Markov chain Monte Carlo for computing averages

In particle transport problems expectations of useful quantities, E(), are computed by forming averages, in which case the stochastic process is a random walk.

The law of large numbers states that the variation in the estimate approaches the normal distribution so a model for the probability of an MC generated result is the chi-square difference between the computed result and the measured result i.e. $\chi^2=(E[x]-\overline{\pi})^2$.

Likewise the variance of the MC calculation is given as $\sigma^2=E[x^2]-E[x]^2$.

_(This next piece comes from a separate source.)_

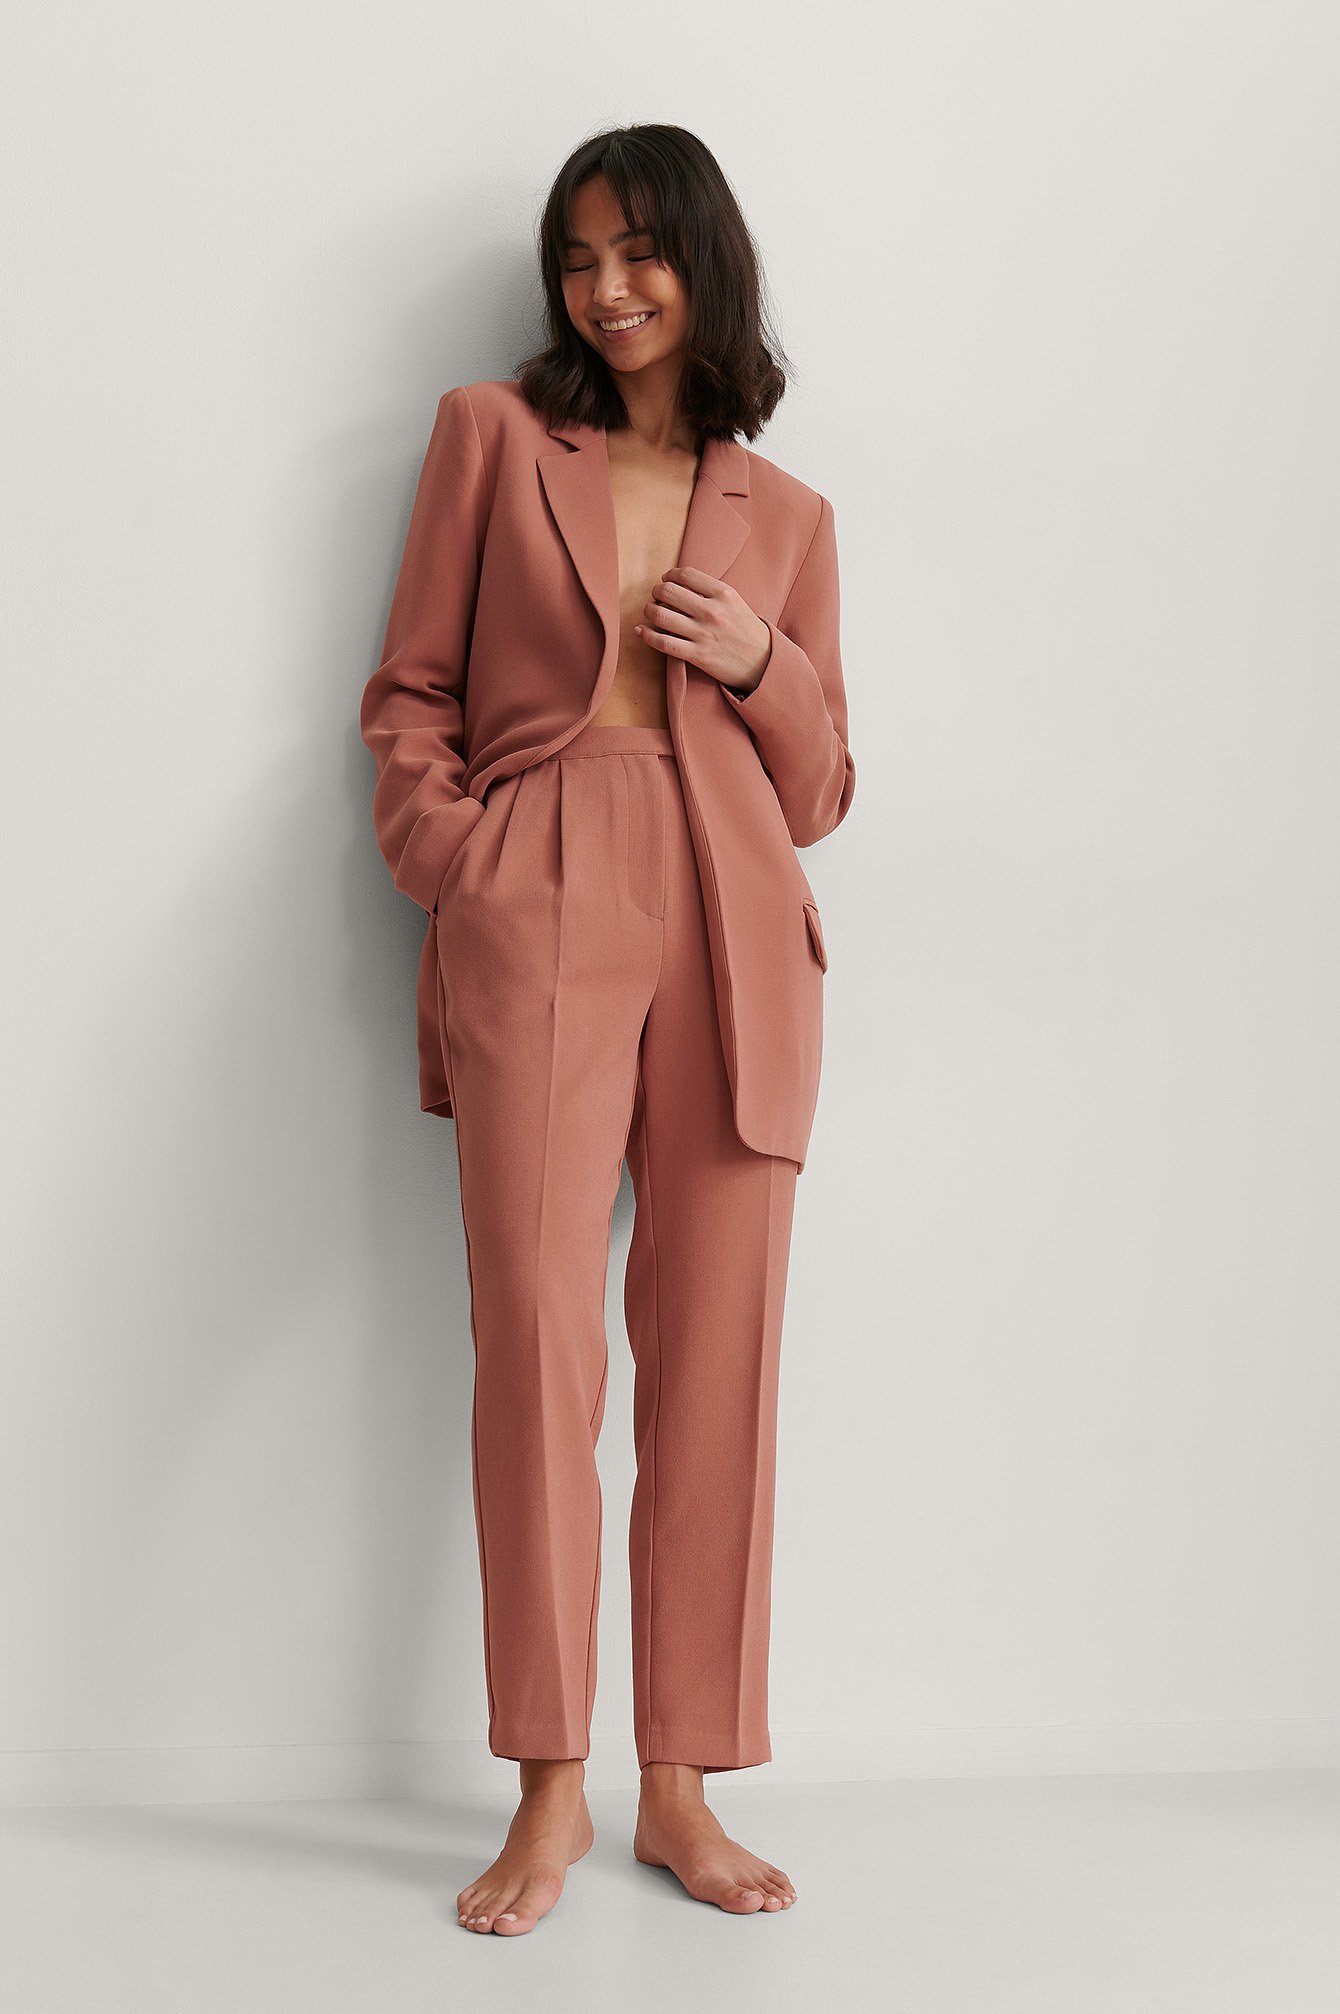 Cropped Darted Suit Pants and blazer Outfit

Subsequently, $\pi(Y)\propto e^{-\chi^2/\sigma^2}/\sigma.$

In the limit where the normal distribution becomes valid the transition probabilities approaches a symmetric relation Q(X|Y)=Q(|Y-X|) and cancel in equation 1.

Further, in the limit of small differences from the mean, a normal distribution can be approximated by a square, Dirichlet, function, i.e. $\Delta(t)=1$ where |t|<1, otherwise 0.

The acceptance probability is,

$$\alpha \min\left[1,\frac{\Delta(\chi(Y)/\sigma(Y))}{\Delta(\chi(X)/\sigma(X)}\right]$$ =

$$\Delta(\chi(Y)/\sigma(Y)),$$ = (3)

hence a step is accepted if $\chi^2<\sigma^2$.

This is a Markov chain that converges to $\overline\pi$ and is stationary as previously shown.